Résumé des chapitre précédents : Enfin, voici la fin du road movies. Le but du périple est atteint. La grande serre du jardin des Plantes. Comme dirait Nora, c’est thérapeutique.

    La guichetière n'est pas d'humeur à plaisanter. Sans un regard, elle glisse le ticket rose par la petite ouverture, encaisse les deux euros réglementaires. Nora remercie, pousse la porte de verre. Aussitôt, des arômes la saisissent à la gorge, si puissants qu'elle en tousse. Lourdes exhalaisons florales, âcres relents d'eau croupie, d'humus, de pulvérulence.
    « Ça sent le sexe », constate-t-elle, éblouie. Et toutes ses nuits chaudes, ses nuits magiques, mirifiques, charlinesques, l'enveloppent. 

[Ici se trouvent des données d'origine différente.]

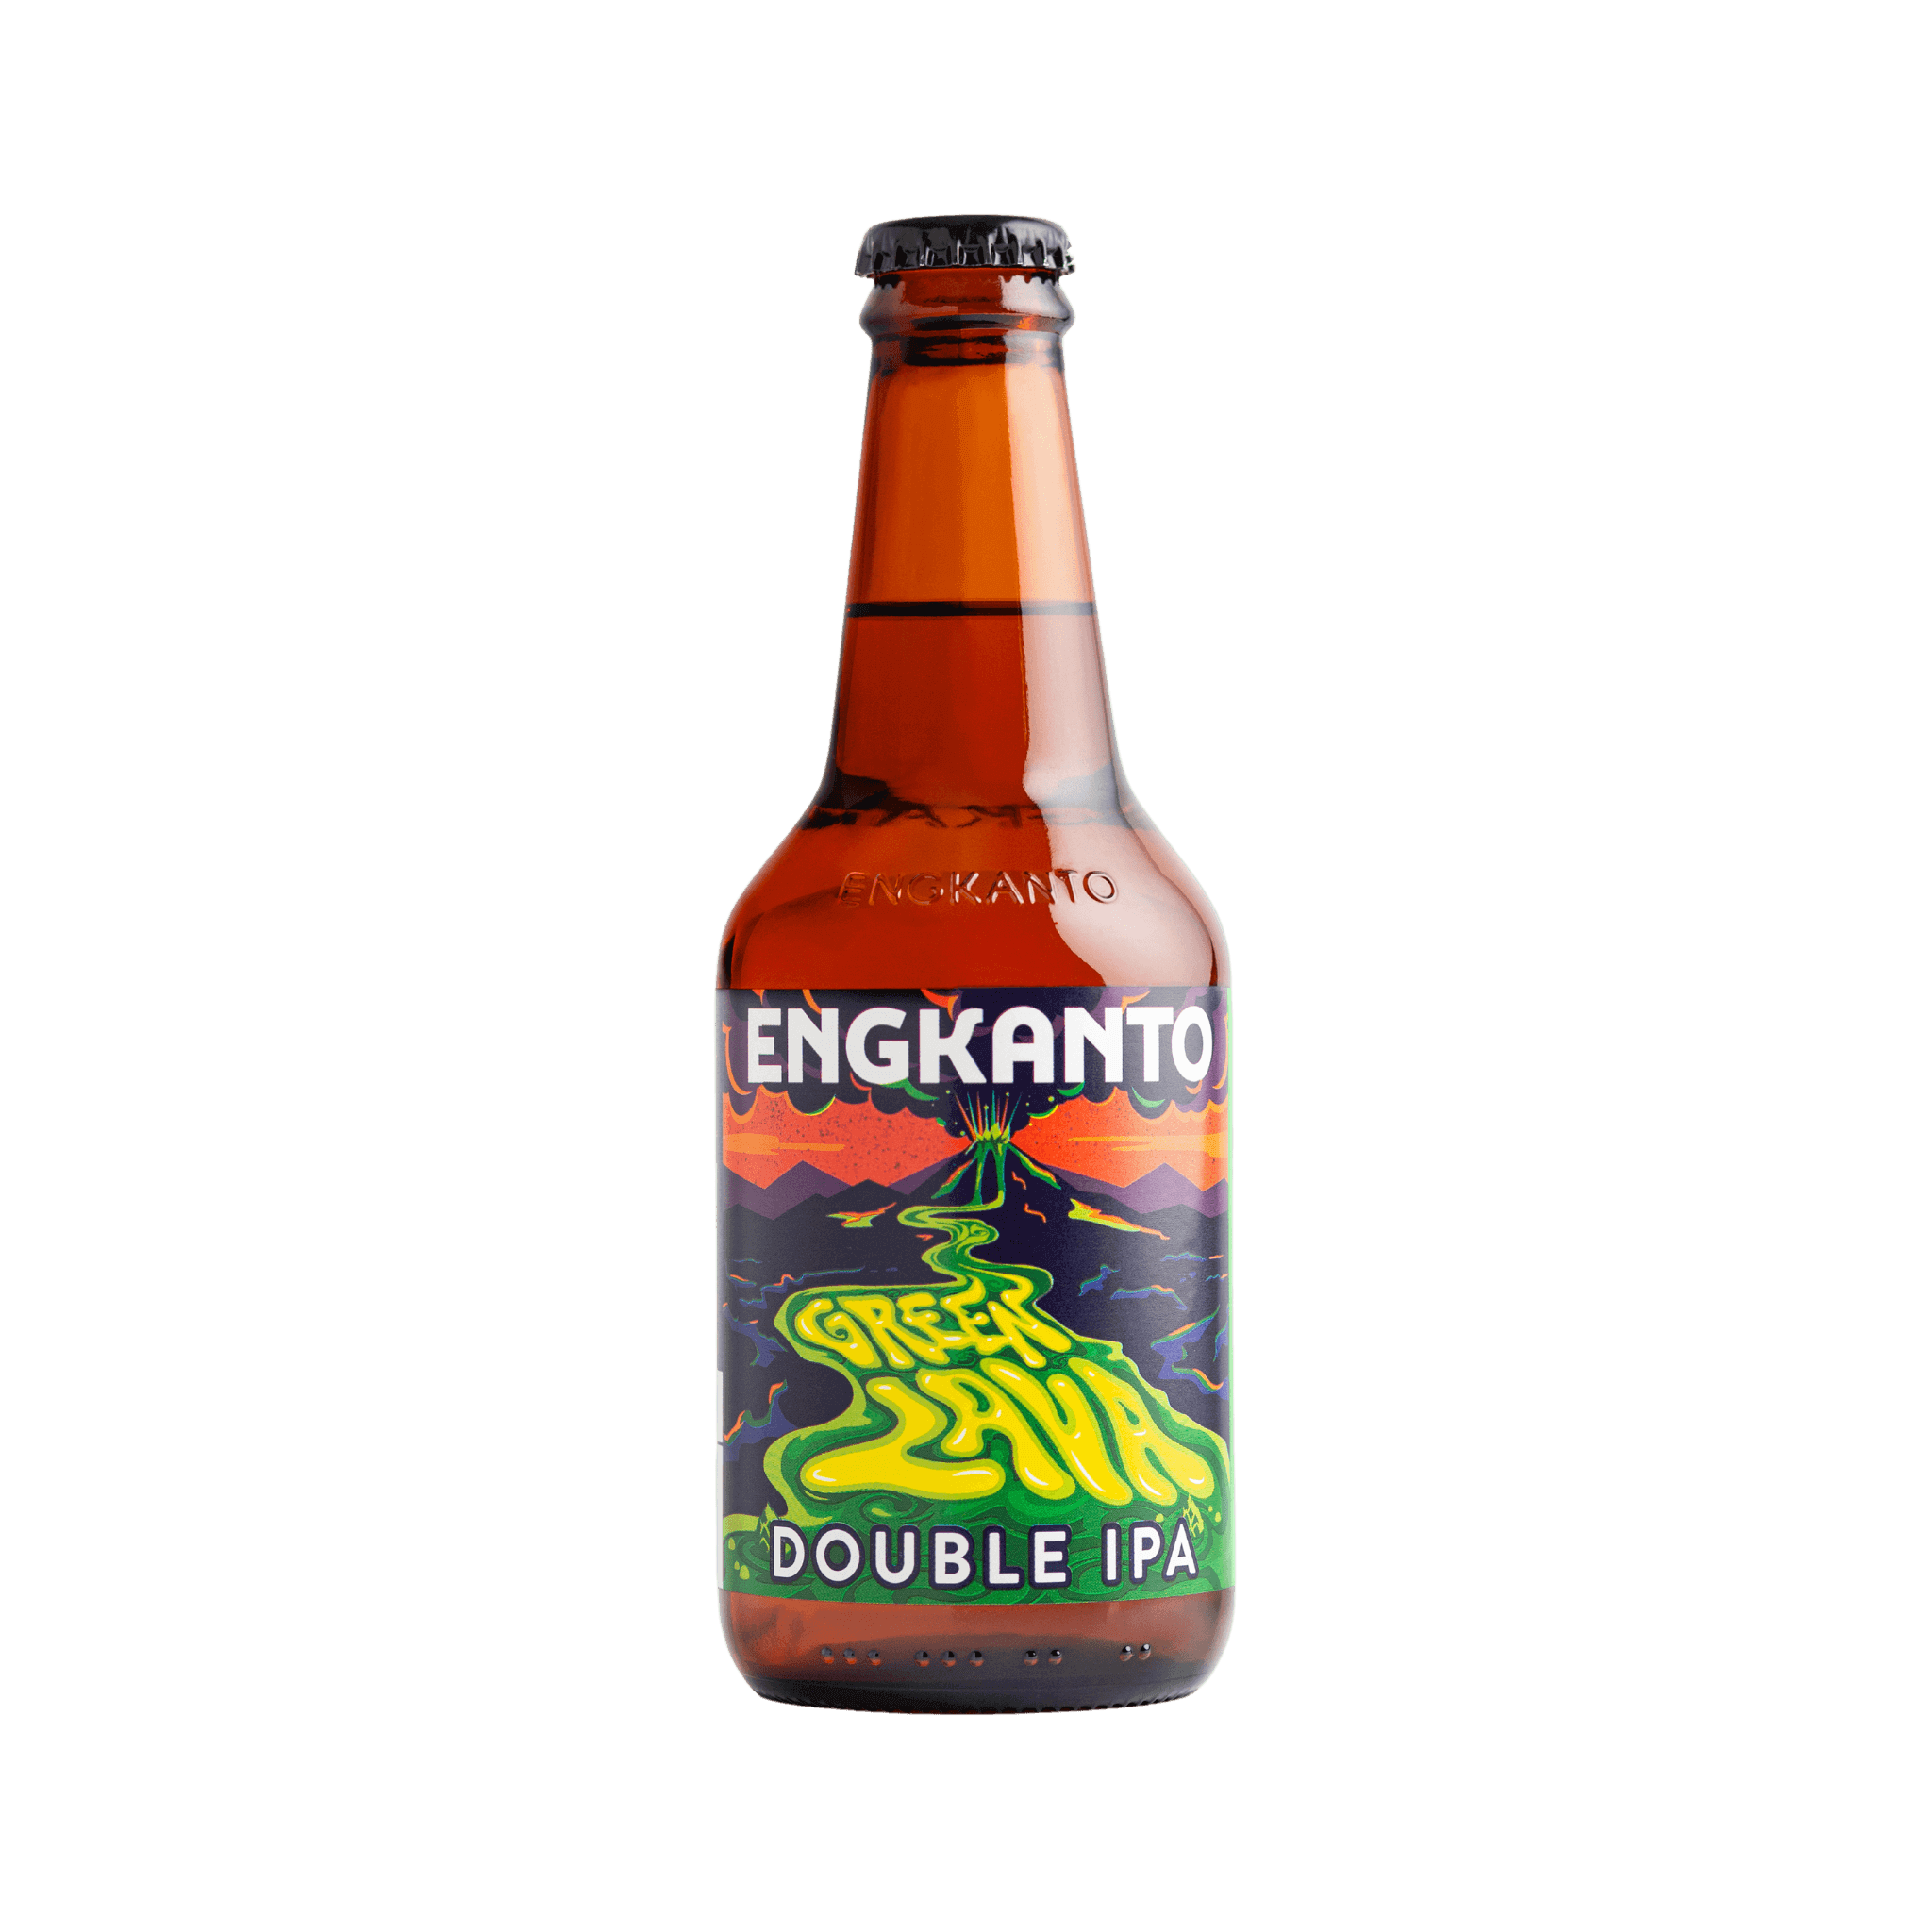 Engkanto Green Lava – Double IPA 330mL Bottle at ₱152.00

    Elle respire à s'en éclater les poumons. Qu'avait dit le toubib, déjà ? Qu'il fallait me traiter comme une fleur de serre. Tout s'explique. Végétale, je suis.
    Enfin, d'après le corps médical. Boris, lui, me comparait plutôt à un insecte : une mygale, une mante religieuse... Et si j'étais tout cela à la fois ? Une plante carnivore, par exemple ? Nora, la menthe religieuse...
    Le jeu de mot ne la fait même pas sourire.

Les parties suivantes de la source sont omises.